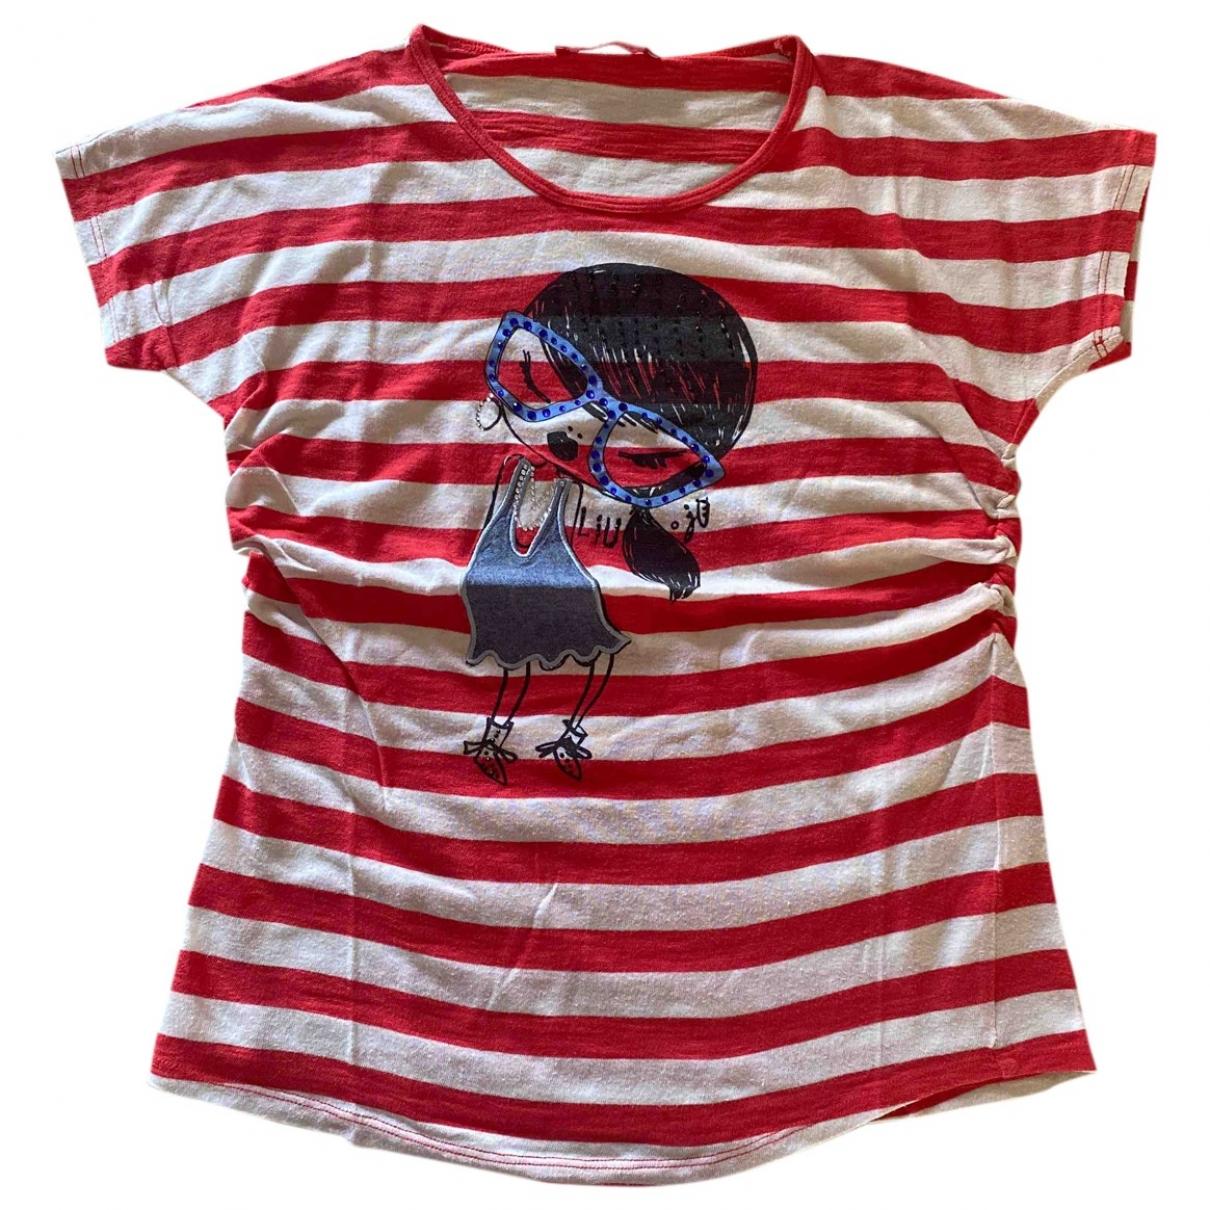 Camiseta Liu.jo
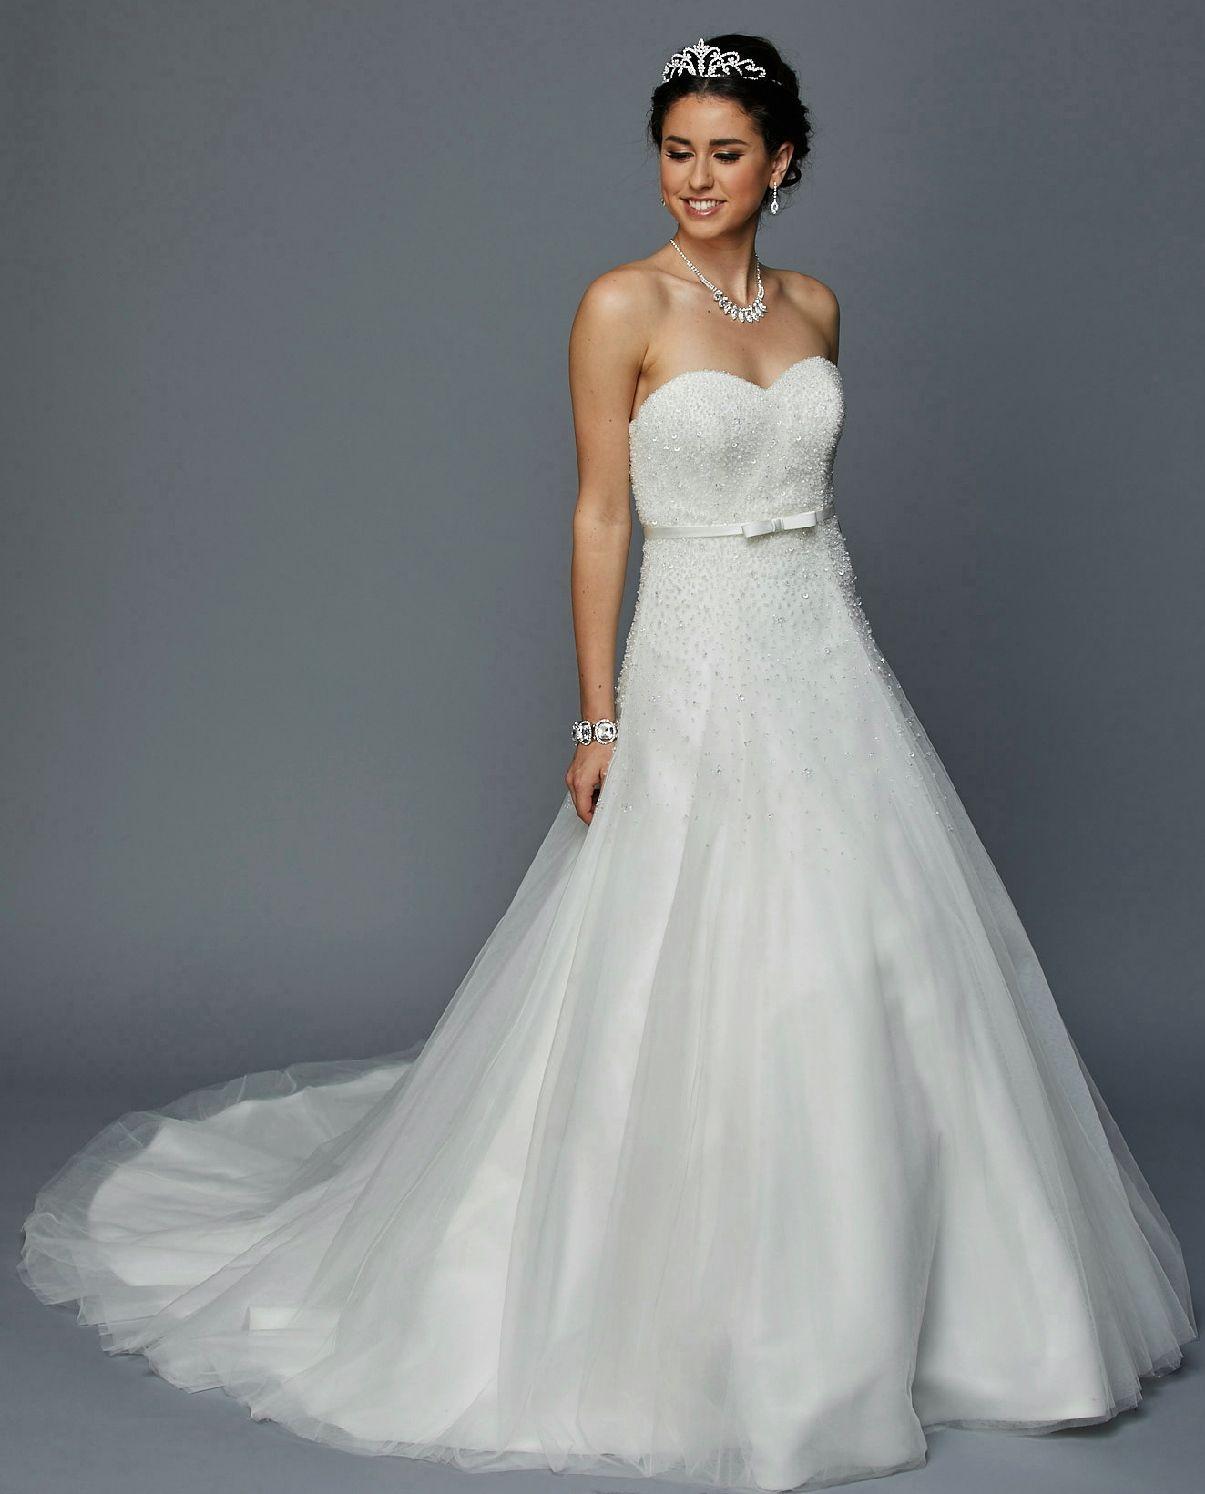 Wedding dressesl long white dressesucbrueajtucbruestrapless
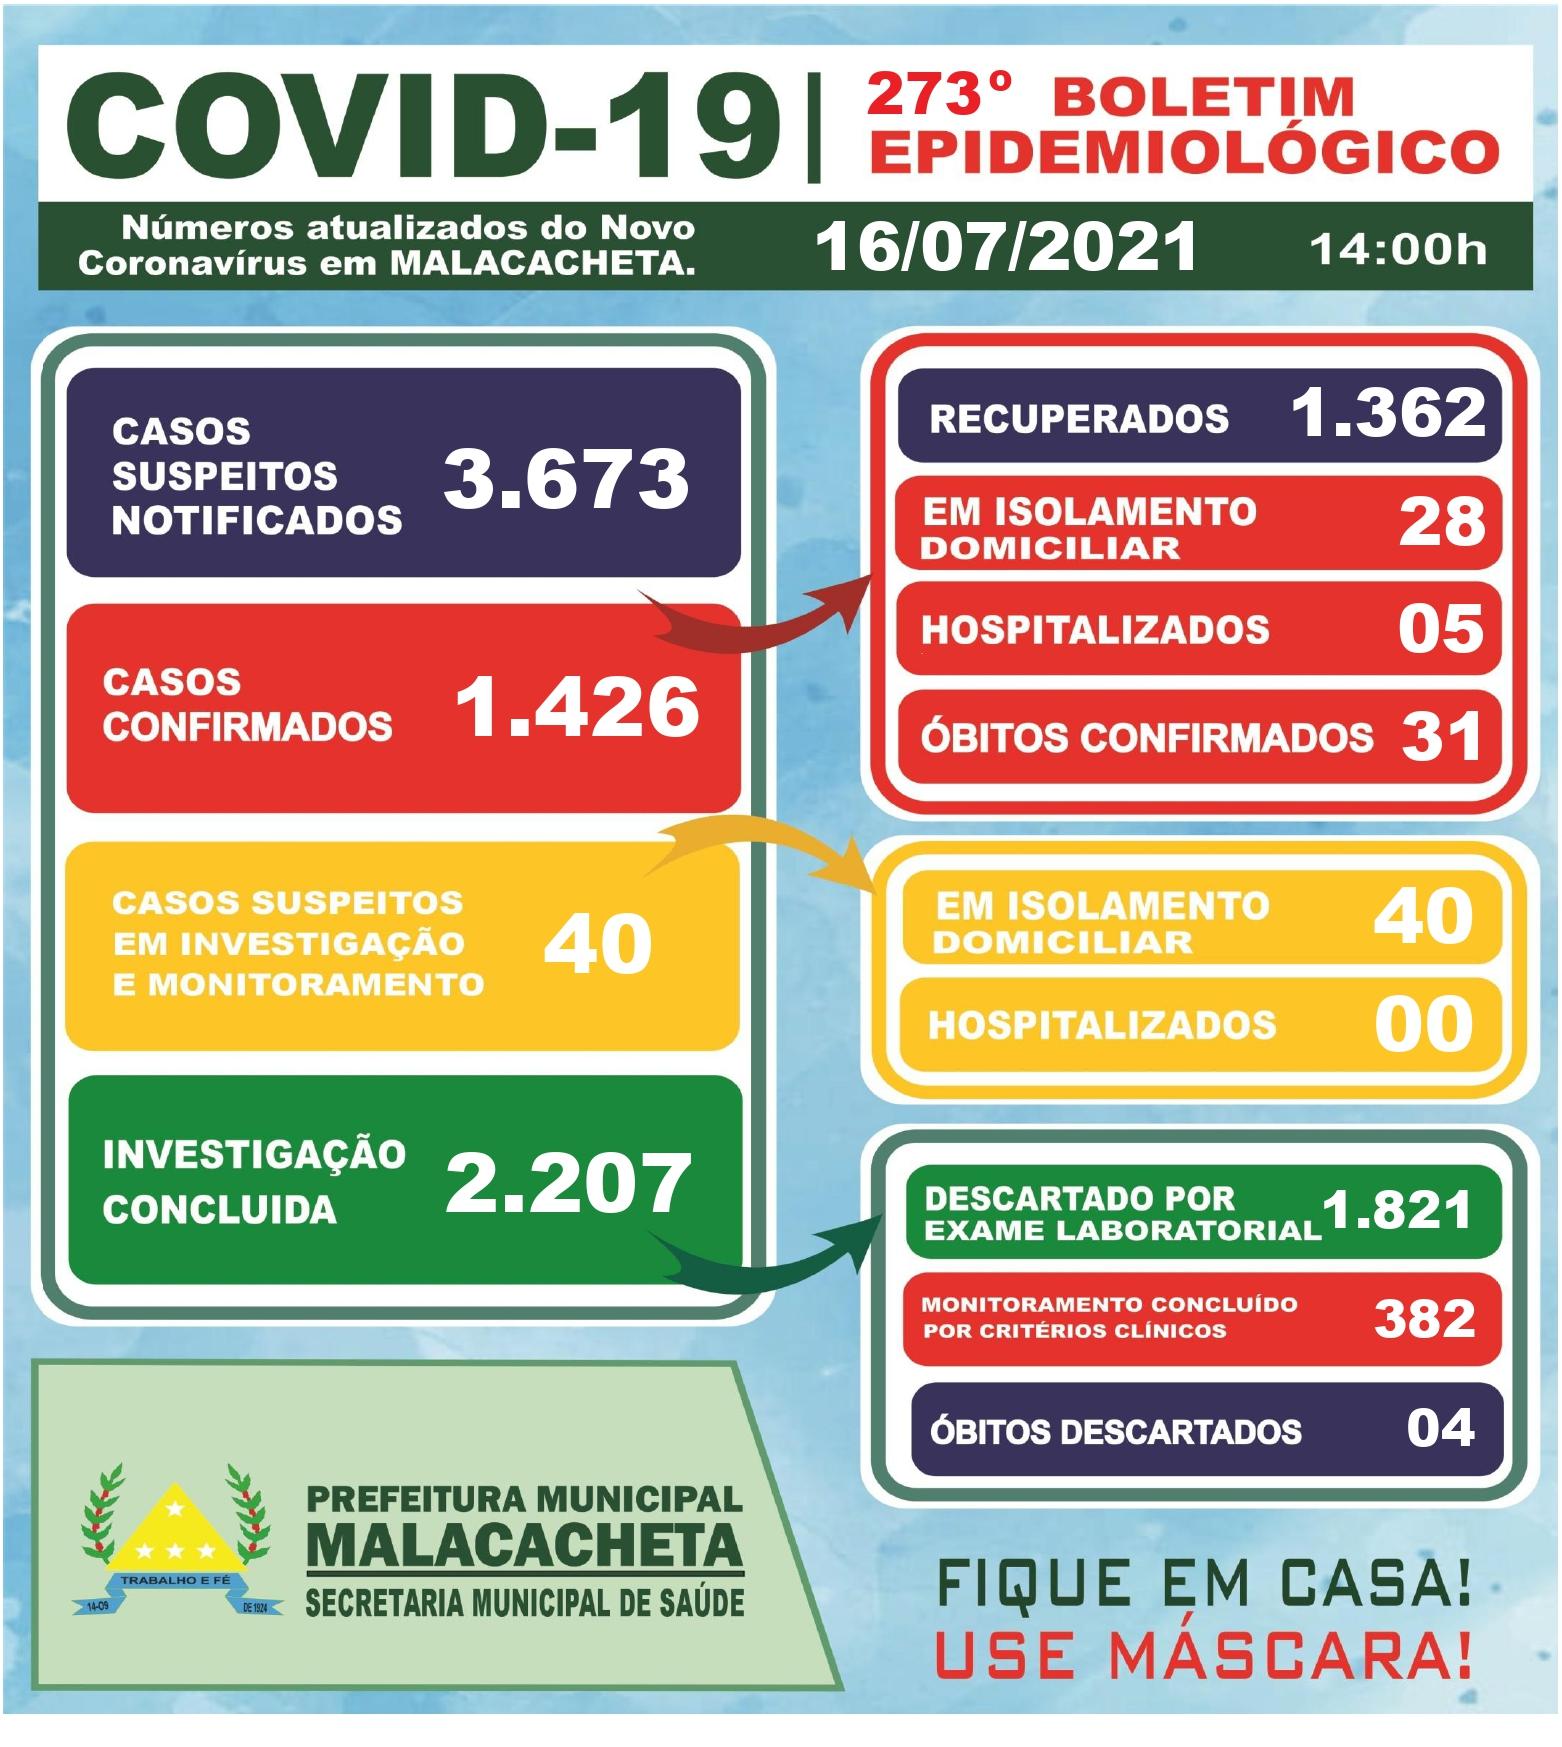 BOLETIM OFICIAL CORONAVÍRUS 16 DE JULHO DE 2021
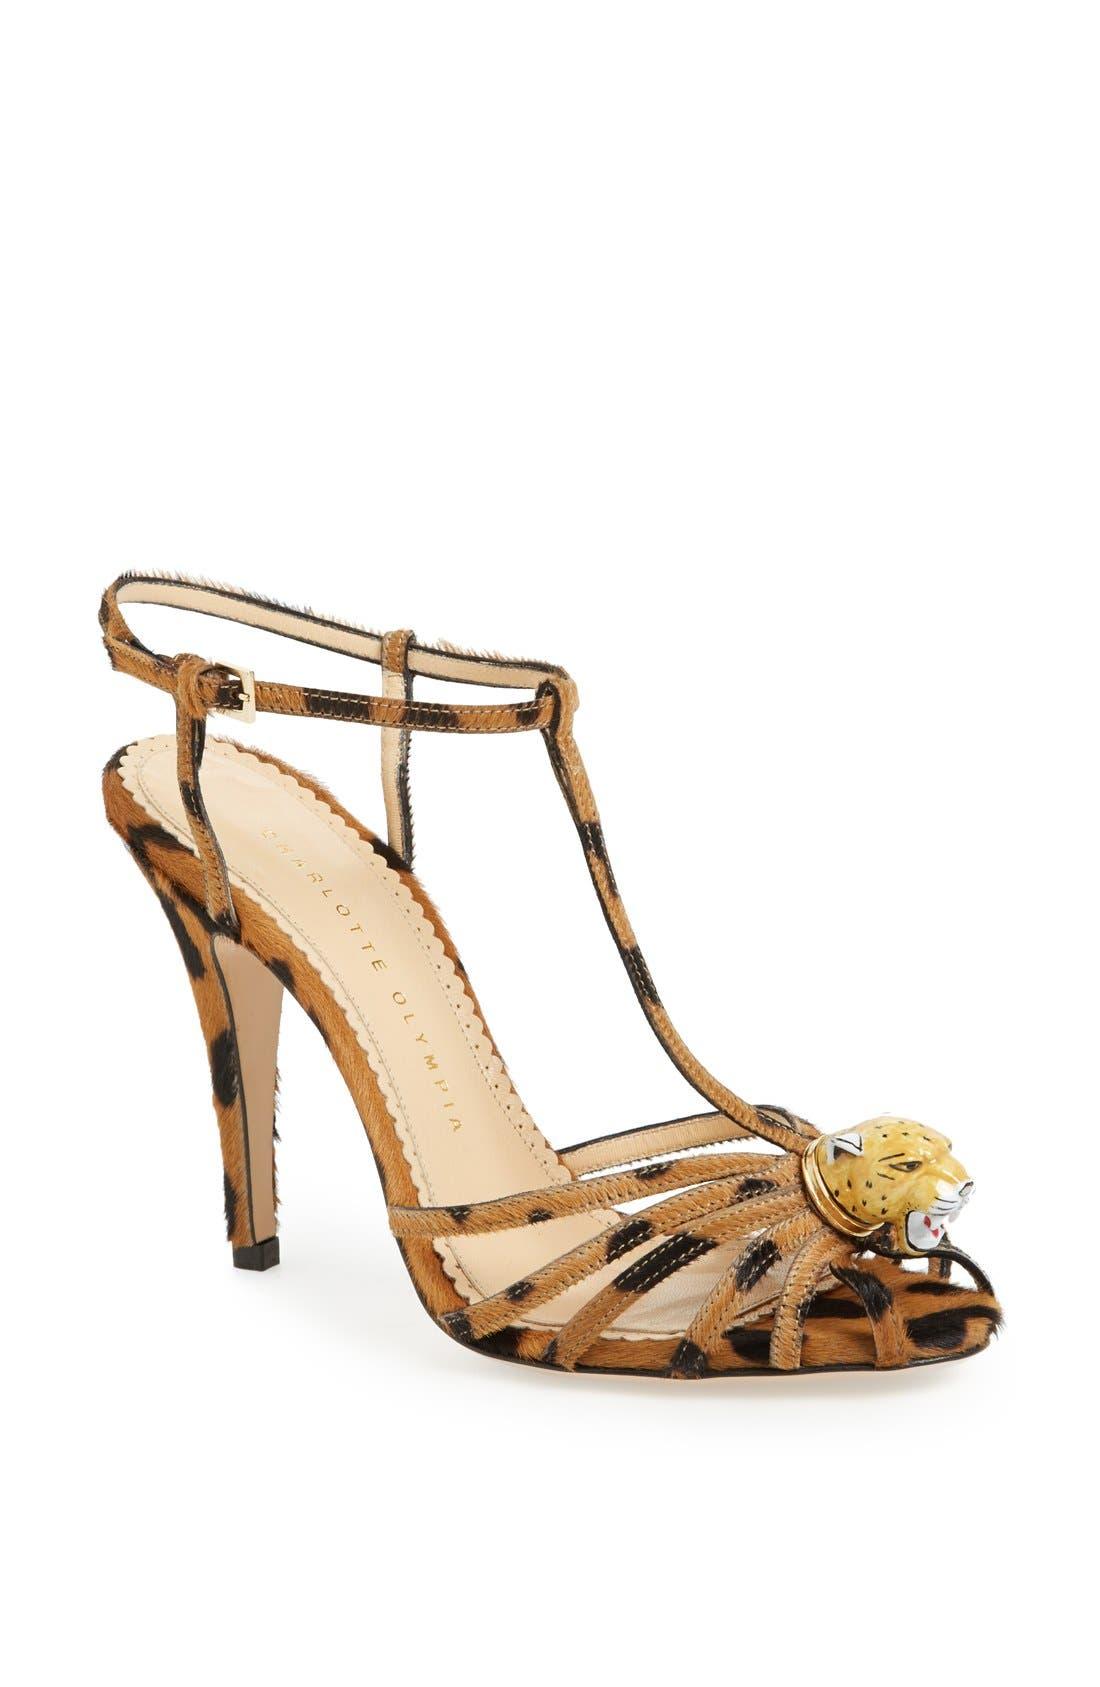 Alternate Image 1 Selected - Charlotte Olympia 'Clio' Calf Hair Sandal

++++++++++++++++++++

## PROBLEM TO WORK ON
The material above is to be set down exactly, with pictures removed.

## ANSWER SPACE
 Camiseta Liu.jo
 Wedding dressesl long white dressesucbrueajtucbruestrapless
 BOLETIM OFICIAL CORONAVÍRUS 16 DE JULHO DE 2021
 Alternate Image 1 Selected - Charlotte Olympia 'Clio' Calf Hair Sandal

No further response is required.